CONCLUSIONS SEM and EDS analyses demonstrated that the morphology of the electrodeposits exhibited a uniform distribution of dendritic clusters, and the occurrence of grains with different sizes was evident with increasing Sb content (63%). Characterization by XRD revealed the presence of crystalline phases of Sn, Sb, SbSn and intermetallic phases Cu2Sb, Cu6Sn5 and Cu6(Sn,Sb)5. Polarization tests in 0.1 mol L-1 NaCl medium determined Rp values equal to 4597, 14692 and 1805 kΩ cm2. Immersion tests were carried out for 24 and 48 h, and it was observed that the morphology of Sn77Sb23 did not change with the immersion time. XRD analyses for the coatings showed the presence of SnO, SnSb and Sb2O4 for both immersion times. When polarizing the coatings in NaCl for 1 h, SnO2, SnSb and SnO phases were observed for −0.1 V and SnO, Cu2O, Sb2O3, SnSb, Sb2O3 for 0.2 V. By EIS, the RCT1 values for the Sn, Sn77Sb23 and Sn37Sb63 coatings were 1.15; 10.5 and 1.46 kΩ cm2, respectively. RCT2 values were 12.5; 7.43 and 2.7 kΩ cm2. Consistent with the Rp values, the results suggested a correlation between corrosion resistance and the percentage of Sb, indicating increased corrosion resistance for Sn77Sb23.

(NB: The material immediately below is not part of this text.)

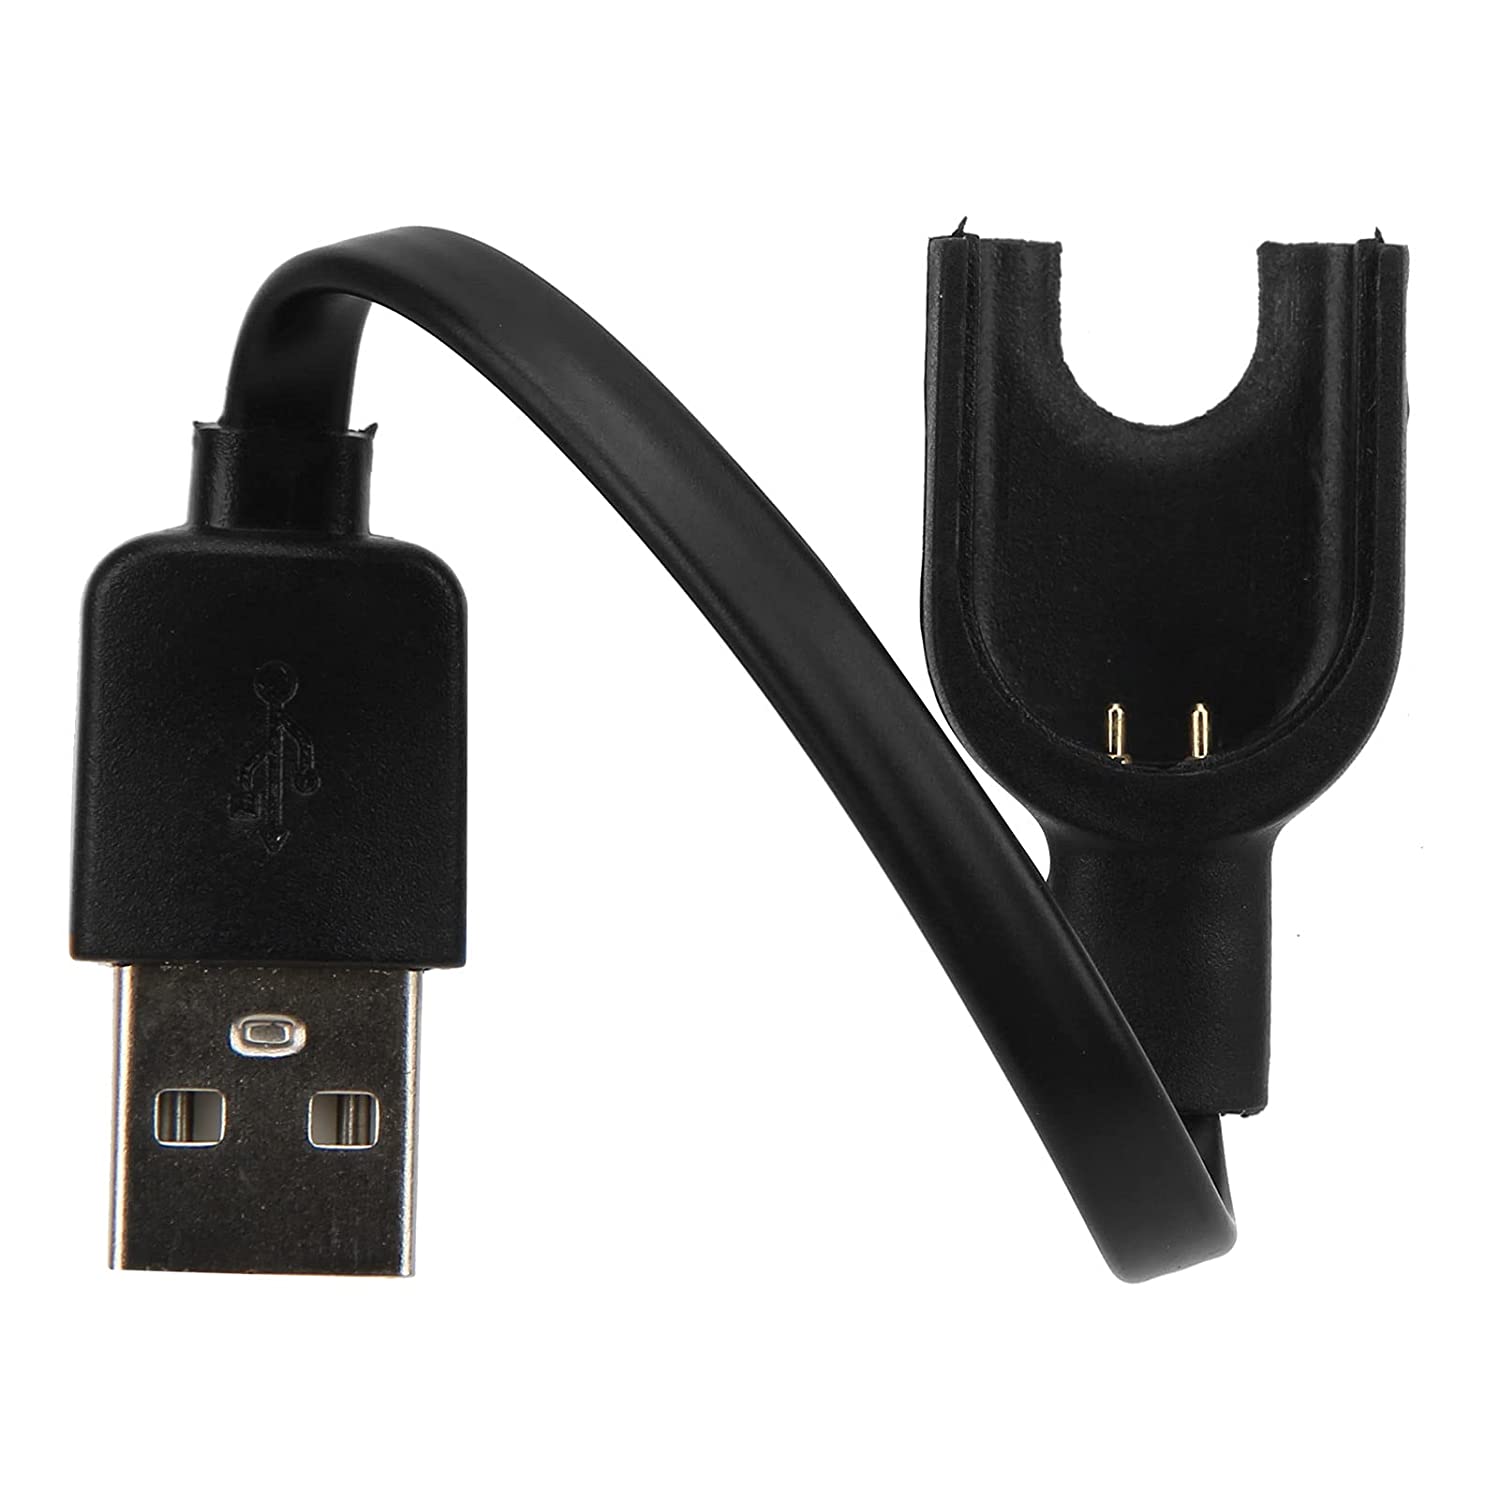 Cable USB carga y sincronización | Compatible con Xiaomi Mi Band 3 | Cargador Xiaomi Mi Band 3 | Cable reemplazo Xiaomi Mi band 3 | Longitud 15 cm | Negro

SUPPLEMENTARY MATERIAL Complementary material for this work is available at http://quimicanova.sbq.org.br/, as a PDF file, with free access.
ACKNOWLEDGMENTS This study was financed in part by Coordenação de Aperfeiçoamento de Pessoal de Nível Superior - Brasil (CAPES), Conselho Nacional de Desenvolvimento Científico e Tecnológico (CNPq) and Fundação Cearense de Apoio ao Desenvolvimento Científico e Tecnológica (FUNCAP). A. N. C. gratefully acknowledges the funding provided by CNPq (proc. 305103/2022-9). P. L. N. thanks the financial support received from CNPq (proc. 302825/2022-3). N. G. S. thanks CNPq (proc. 141171/2021-9). A. A. C. A. thanks CAPES for her grants. The authors thank the Central Analítica-UFC/CT-INFRA/MCTI-SISANO/Pró-Equipamentos CAPES and Laboratório de Raios-X (UFC) for their support.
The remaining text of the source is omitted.